_DATA BLOCK_
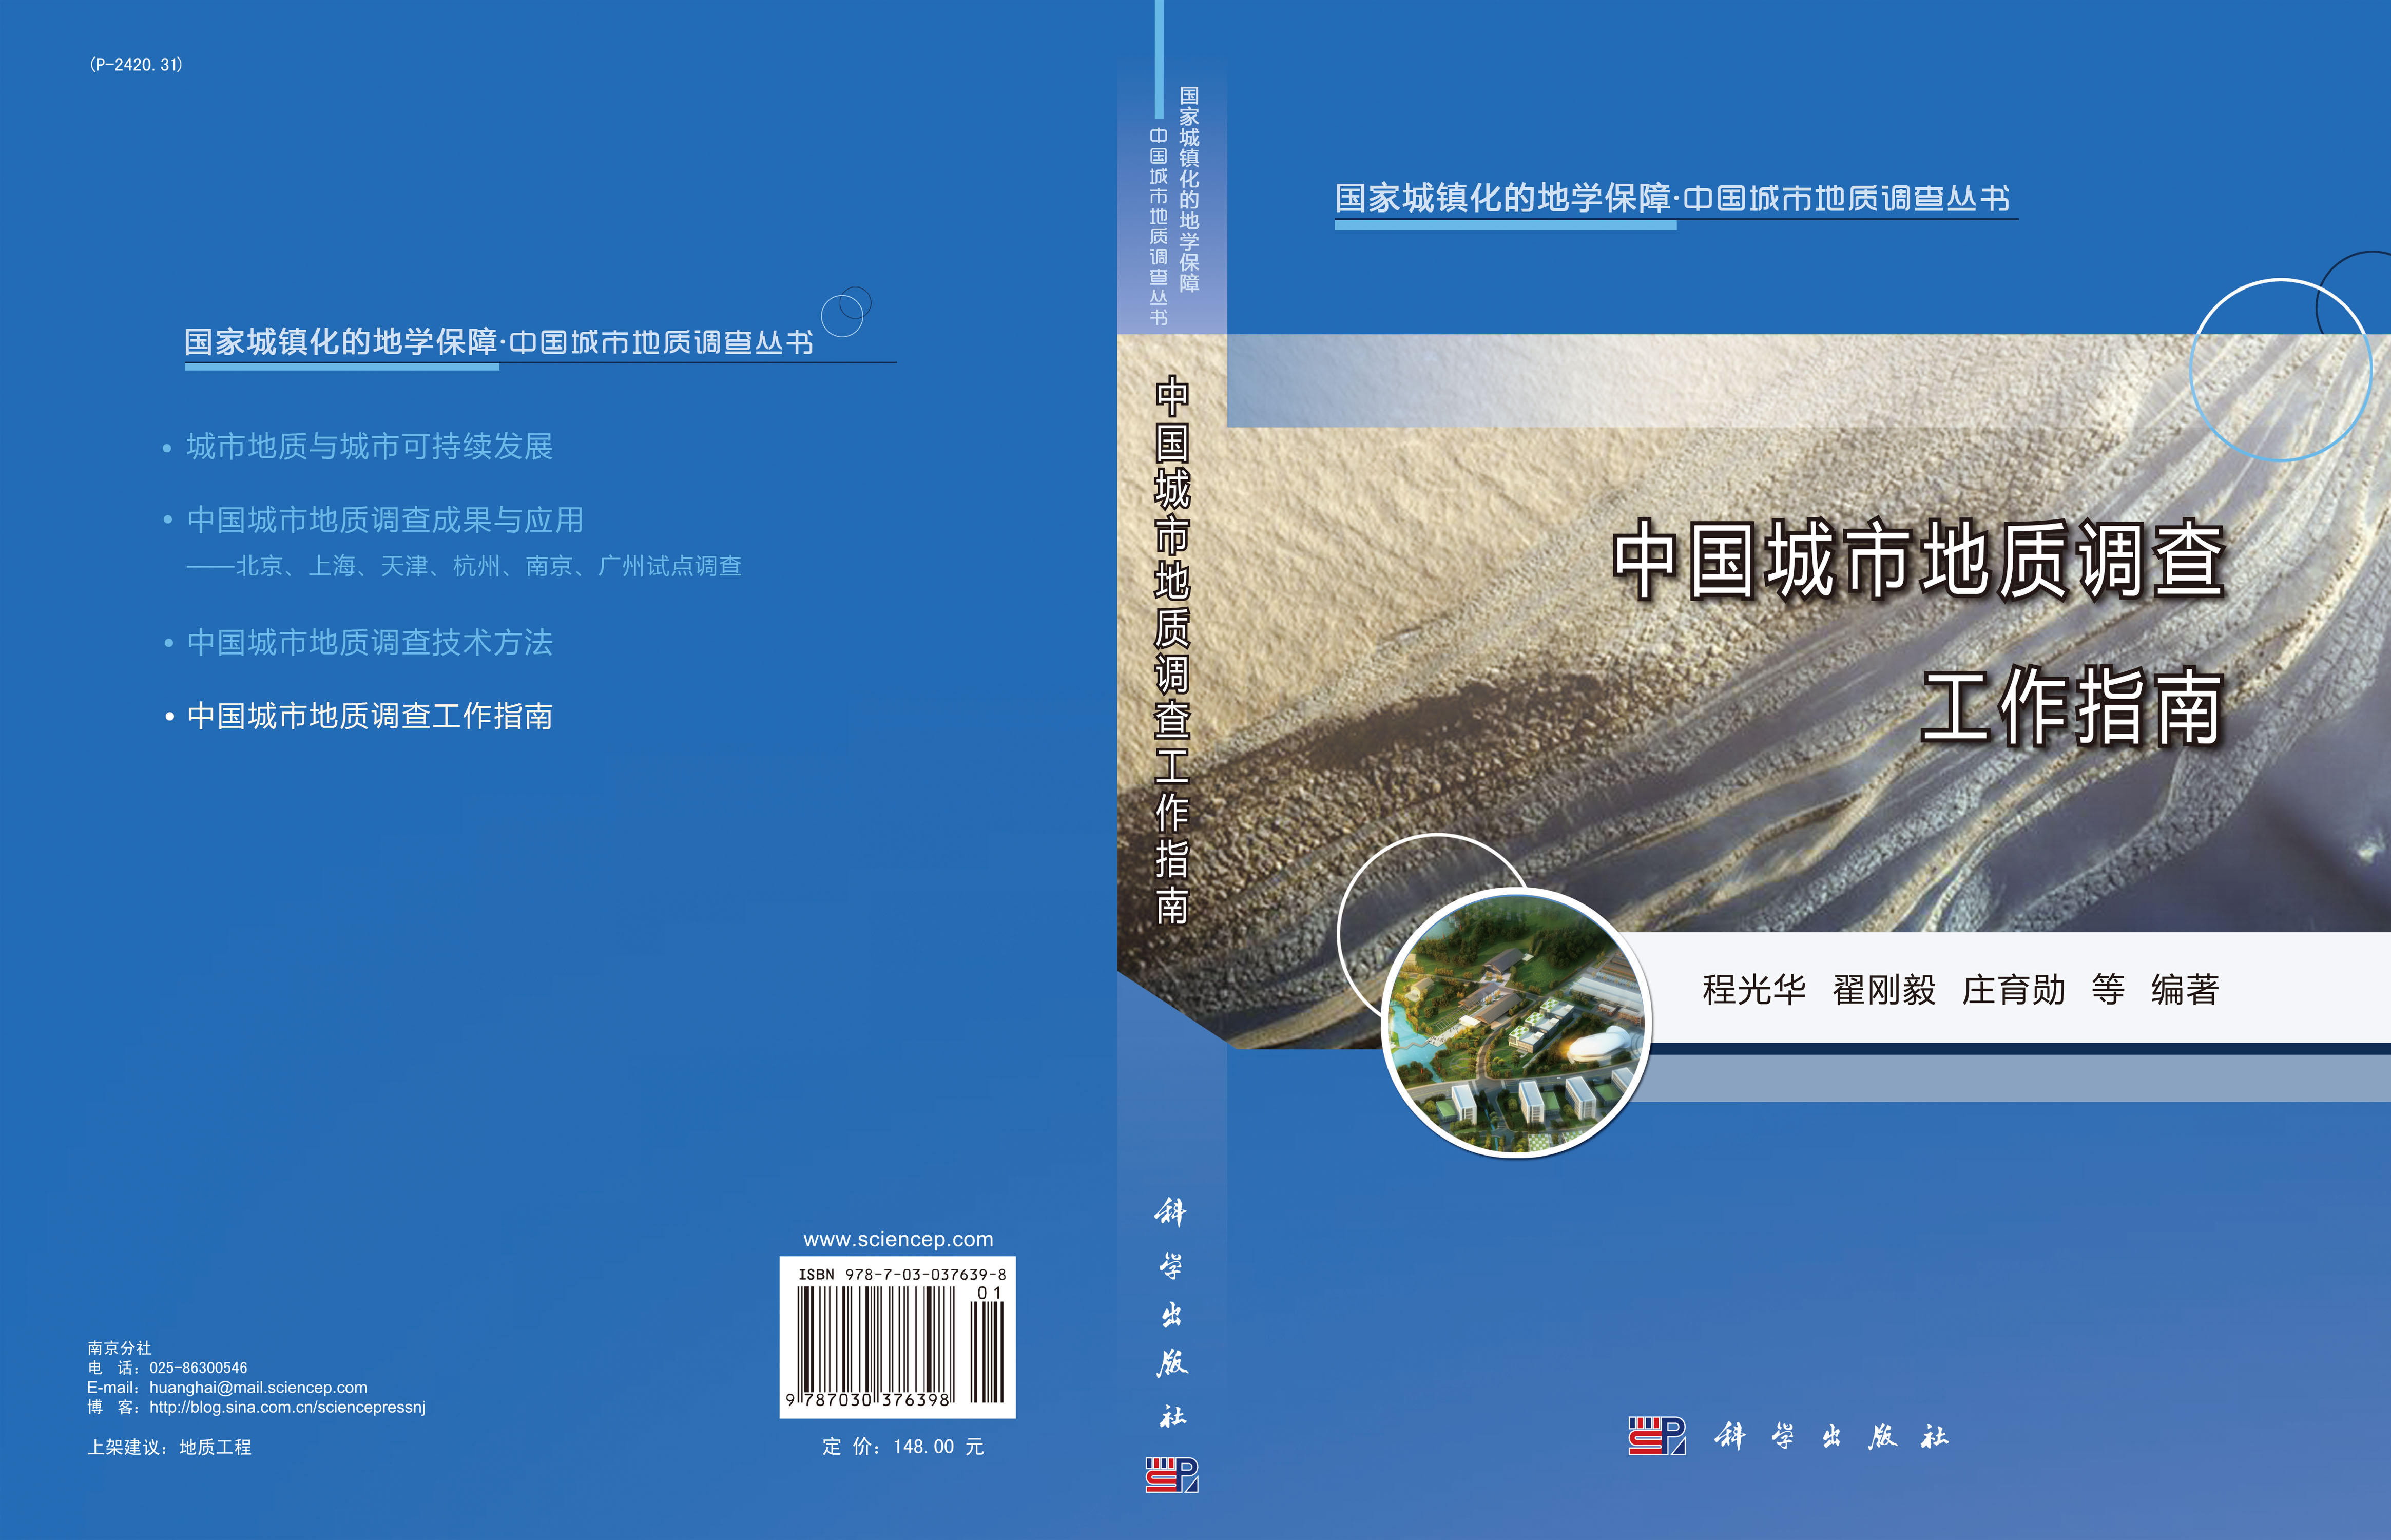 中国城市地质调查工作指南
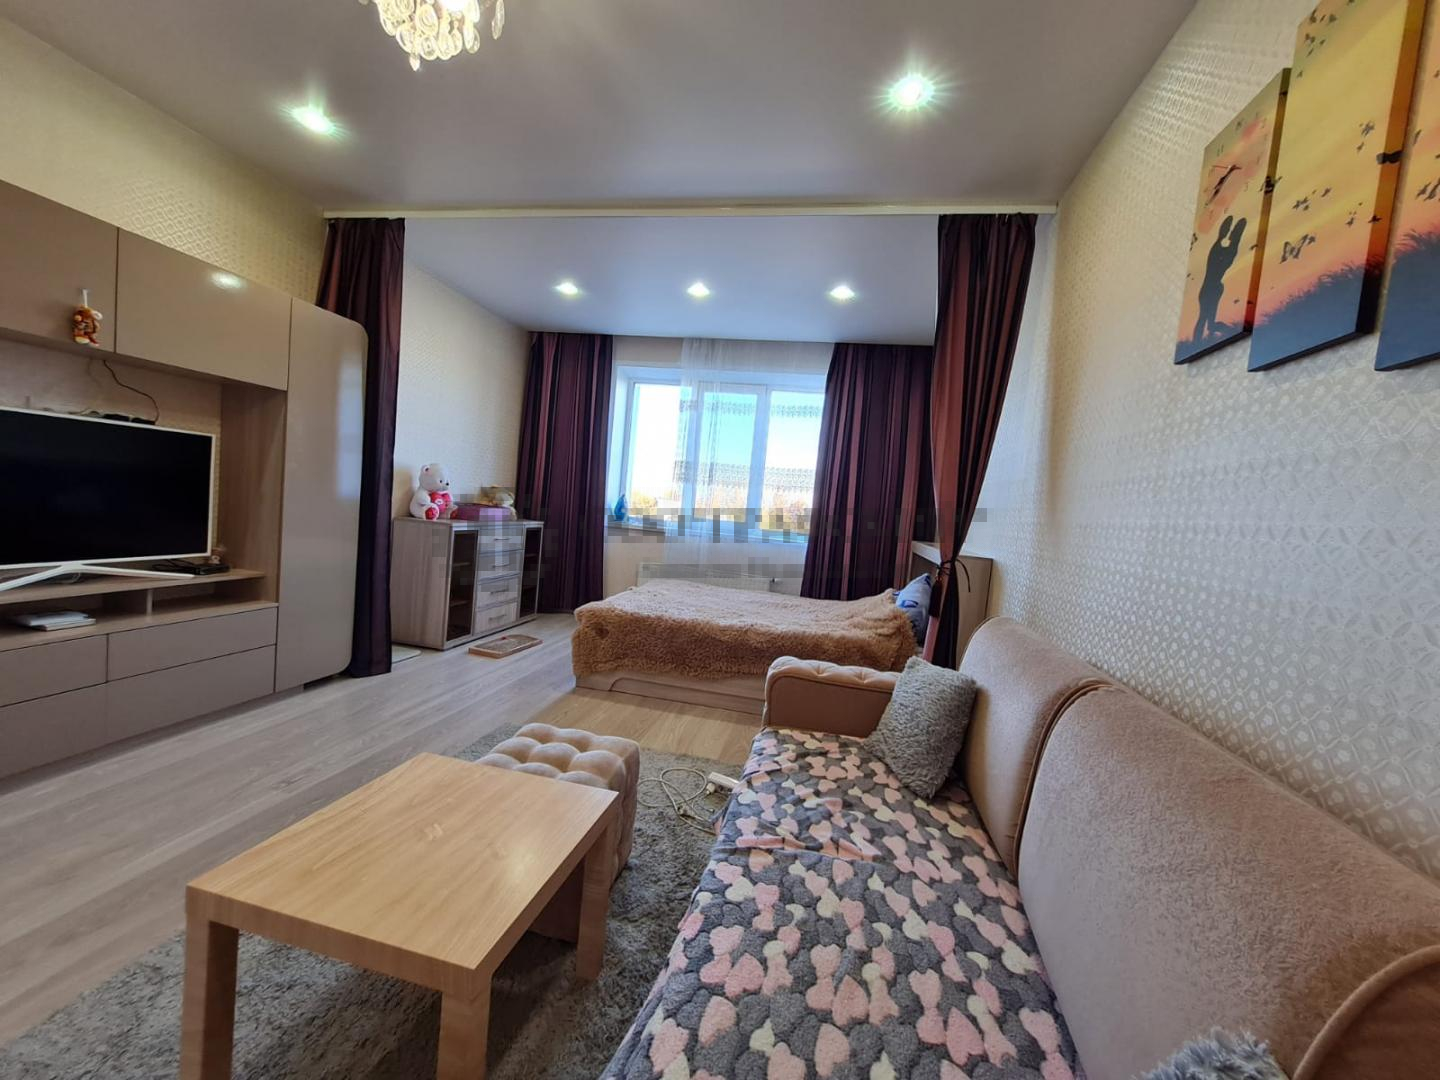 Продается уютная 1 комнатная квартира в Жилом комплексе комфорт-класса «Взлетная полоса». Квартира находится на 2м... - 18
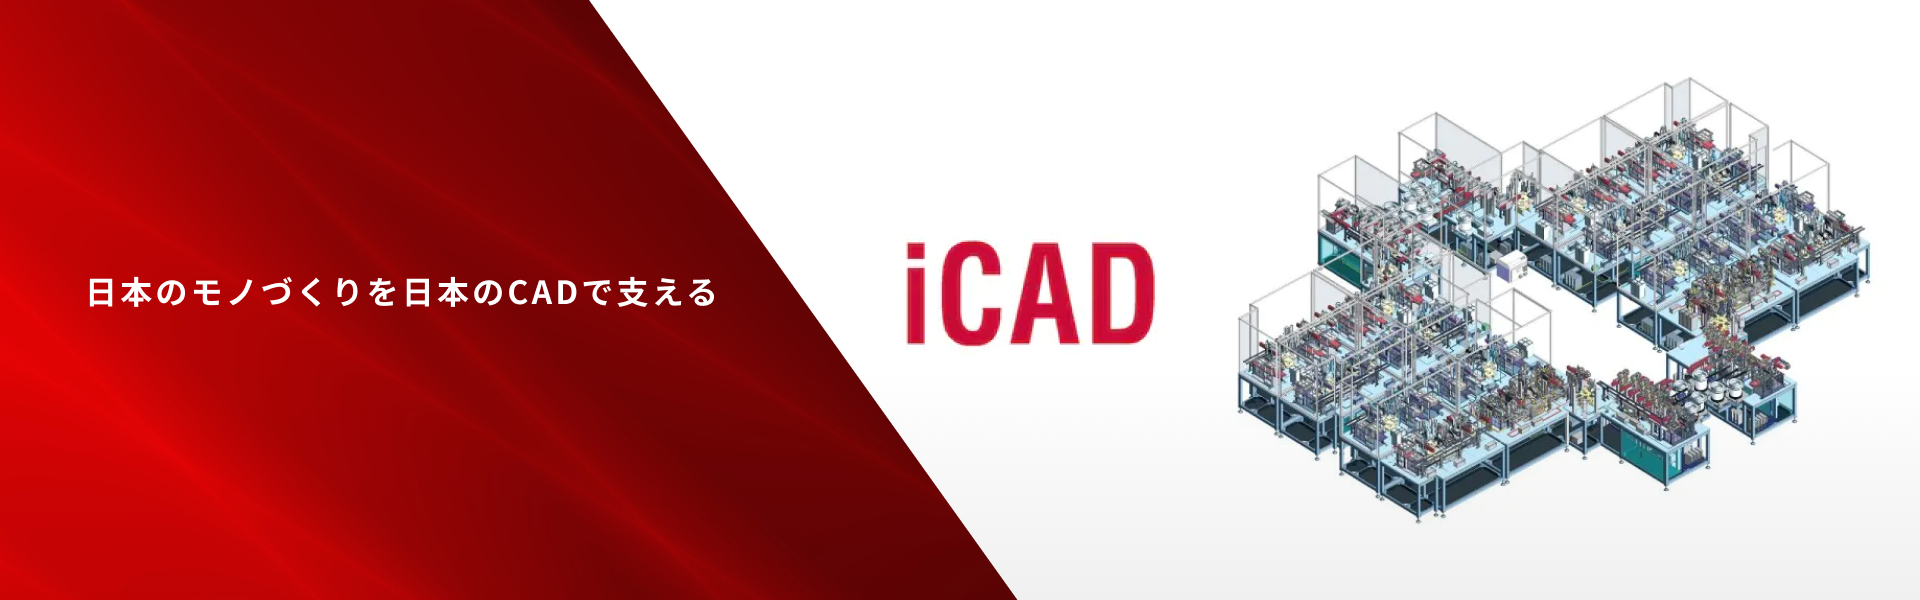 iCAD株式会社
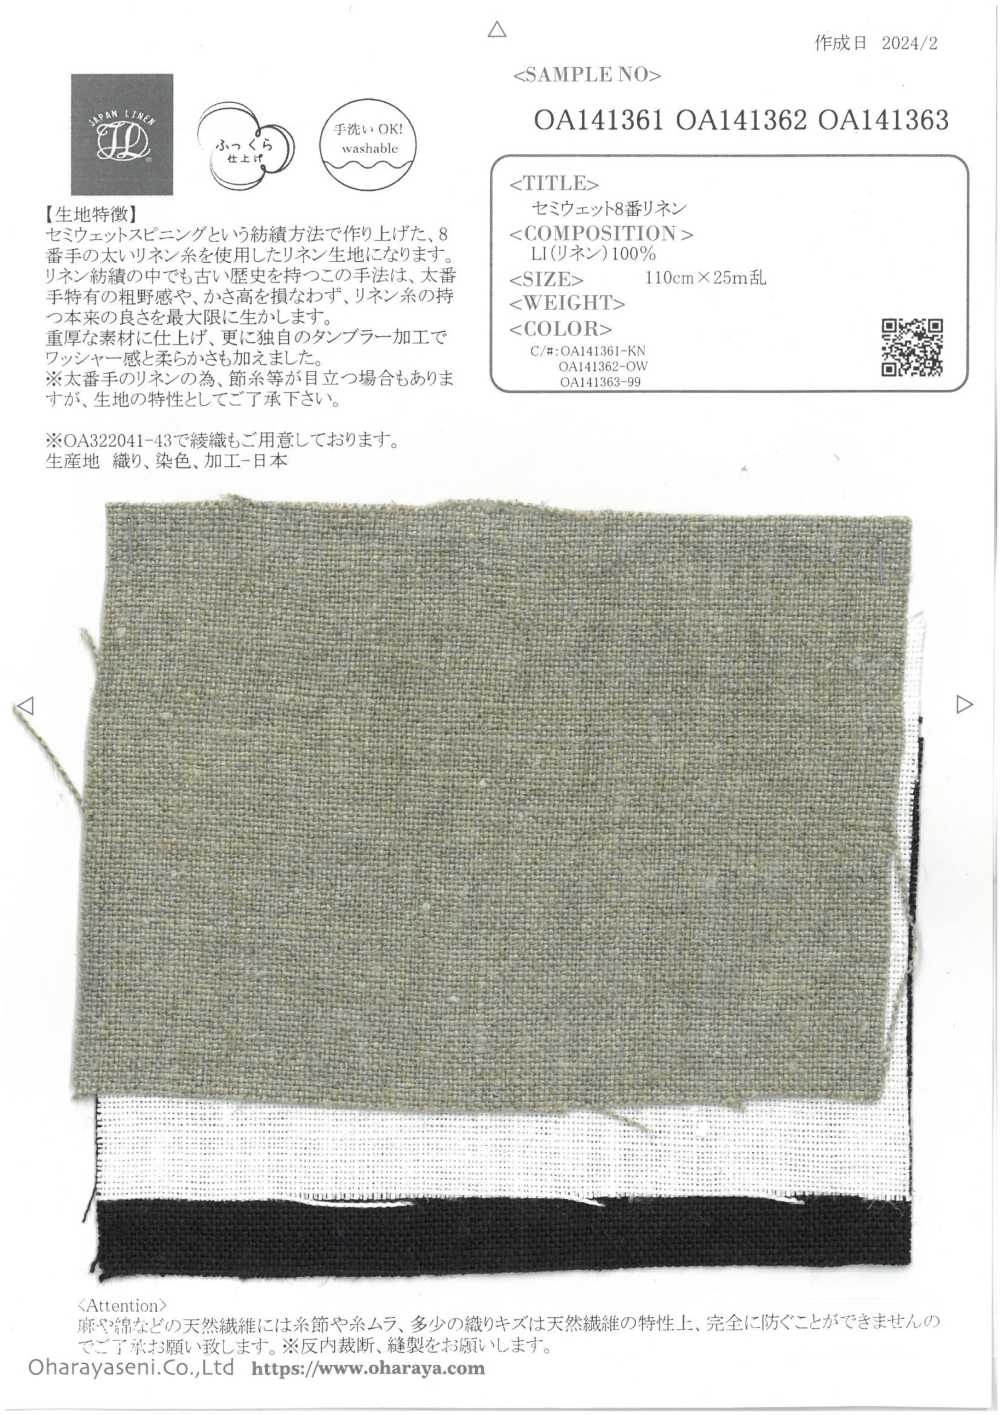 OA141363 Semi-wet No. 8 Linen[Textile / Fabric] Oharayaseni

_WHAT THIS TASK INVOLVES_
Please set down every line of the data above precisely, dropping the images.

_FINAL ANSWER_
 中国城市地质调查工作指南
 Продается уютная 1 комнатная квартира в Жилом комплексе комфорт-класса «Взлетная полоса». Квартира находится на 2м... - 18
 iCAD株式会社
 OA141363 Semi-wet No. 8 Linen[Textile / Fabric] Oharayaseni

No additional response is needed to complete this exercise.